Life in a post-SOAP world
So, following in the footsteps of my predecessors, I string up this SOAP request manually, fire it off via CURL and get my XML string response. Take the response string, pass it to simplexml_load_string()
and print_r()
the results, which was:
SimpleXMLElement Object
(
)
Oh, a completely empty node. WAT.
So as it turns out, SimpleXML (rightly) will hide anything namespaced at the current element and below. Since the <soap:Envelope>
node (i.e., the topmost node) of a SOAP response is namespaced, it and its children (i.e., everything we actually need) are hidden by default. Not a problem – we can just register the soap namespace and $xml->xpath('soap:Body/getFooBarResponse')
. This works to get the body node, but since everything inside our current data response is a big bowl of namespace spaghetti with interwoven namespaces serving no apparent purpose other than obfuscation, we’d need to know every node where the namespace changes and account for that with the proper “peek” operation. With 4 different end points we need to hit for this particular web service, this could potentially be 4 * N special cases that need to be hardcoded into the script. Further, this completely breaks the data adapter class we have in place for all other data sources, which assumes it’s getting an object with a clean tree structure.
A Workaround
I did a bit more research at home and came up with this superhack of a workaround:
$namespaces = [
'soap' => 'http://schemas.xmlsoap.org/soap/envelope/',
'ns1' => 'com.andsoitcontinues.someentity',
'ns2' => 'com.andsoitcontinues.someotherentity',
];
$dom = new DOMDocument();
$dom->loadXml($xml_string);
kill_the_namespaces($dom->childNodes, $namespaces);
function kill_the_namespaces(DOMNodeList $node_list, array $namespaces) {
foreach ($node_list as $current_node) {
if ($current_node instanceof DOMElement) {
if ($current_node->hasChildNodes())
kill_the_namespaces($current_node->childNodes, $namespaces);
foreach ($namespaces as $local_name => $uri) {
$current_node->removeAttributeNS($uri, $local_name);
}
}
}
}
Potential issues with this workaround
I’m well aware of the potential issues, which would include:
1. Sibling nodes with the same name will become an array
I am a firm believer in defensive programming, so I dereference all values from any SimpleXML structure using strval()
, intval()
or whatever data type I’m expecting. Invoking one of those methods on the foo property will yield the first element of the array anyway, which (should?) be okay for our purposes.
Before:
<ns1:foo>alpha</ns1:foo>
<ns2:foo>bravo</ns2:foo>
<ns3:foo>charlie</ns3:foo>
After:
<foo>alpha</foo>
<foo>bravo</foo>
<foo>charlie</foo>
Which SimpleXML will parse as:
[foo] => Array
(
[0] => alpha
[1] => bravo
[2] => charlie
)
2. Clobbered attributes with bias toward descendants
This one is a bit more serious than the aforementioned risk in that if it did happen, it would mask itself fairly well. I don’t foresee this being a huge issue for our current use case.
Before:
<foo ns1:somenum="111" ns2:somenum="222" ns3:somenum="333"/>
After:
<foo somenum="111" somenum="222" somenum="333"/>
Which SimpleXML will parse as:
[foo] => Array
(
[@attributes] => Array
(
[somenum] => 333
)
)
Conclusion
I’m not particularly proud of this workaround, but given the inability to affect the behavior of the proprietors of systems we request data from, you gotta do what you gotta do.

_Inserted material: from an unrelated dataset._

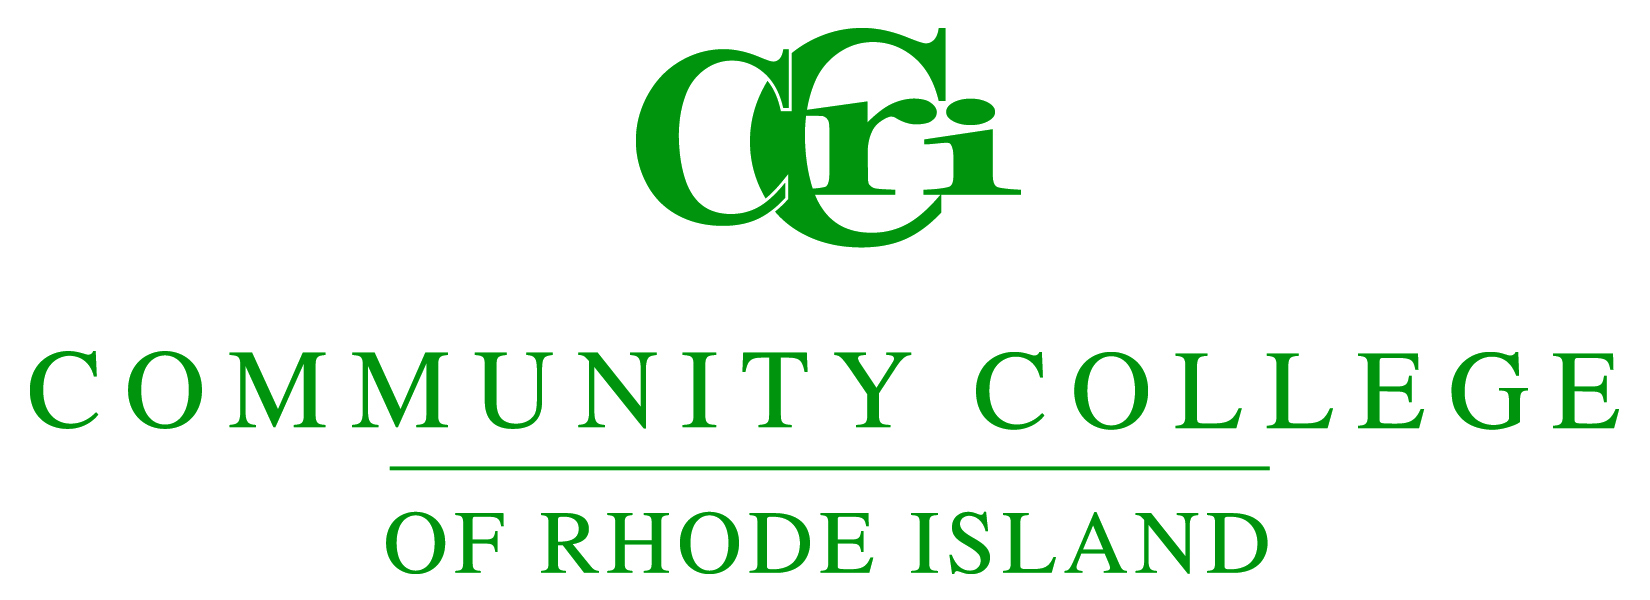  Community College of Rhode Island

There’s some good that came of this episode – I’m learning a ton about XPath, XML Namespaces, the good, bad and the ugly of reading and writing SOAP encoding and a ton of other things. I think I transcribed almost 100kb of XML by hand this week. So, I’ll mark this down as a learning experience. Hopefully, I can write this code in a way that won’t completely bewilder the next developer that has to touch it.
Update 2013-12-02:
I ended up not being able to use kill_the_namespaces()

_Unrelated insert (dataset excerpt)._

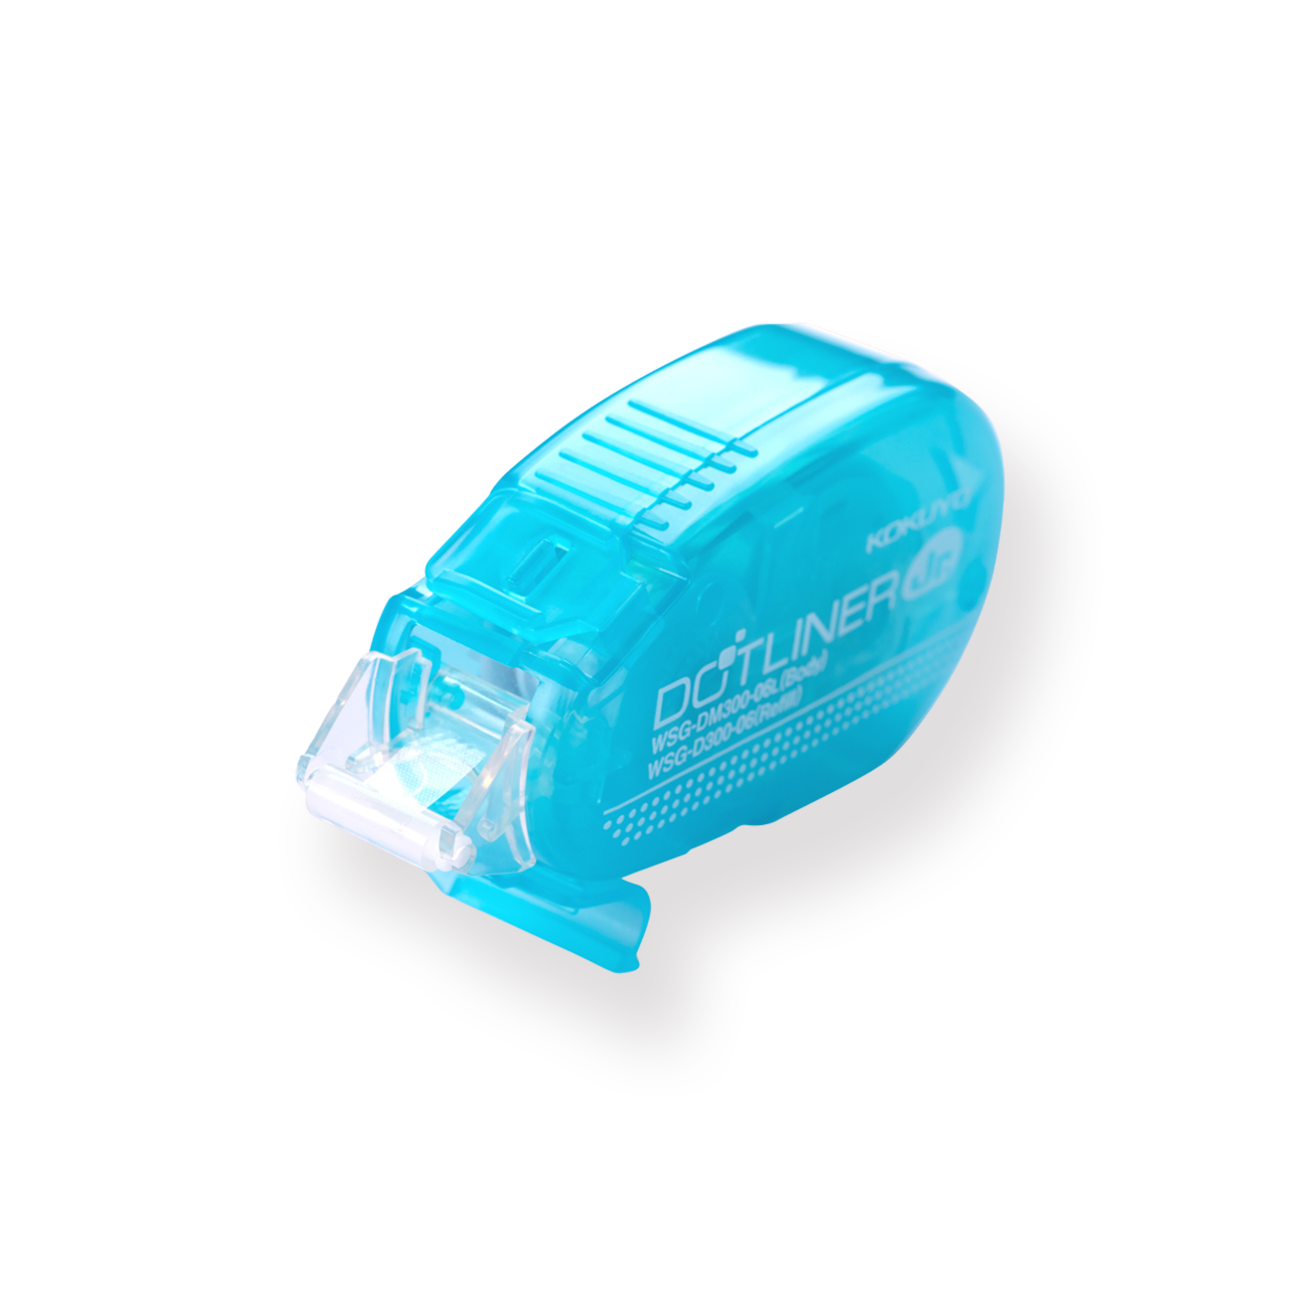 Kokuyo Dotliner Adhesive Glue Tape Roller - Sky Blue

after all. Unbeknownst to me, further down the execution chain there is a need to append nodes to the exact same structure to stage files for another system’s ingestion. If this was a read-only solution as I’d originally assumed, I’d be able to use the namespace remover and avoid having to put some even uglier code in this script, but alas no such luck for me (or the developer who is going to have to maintain this utility).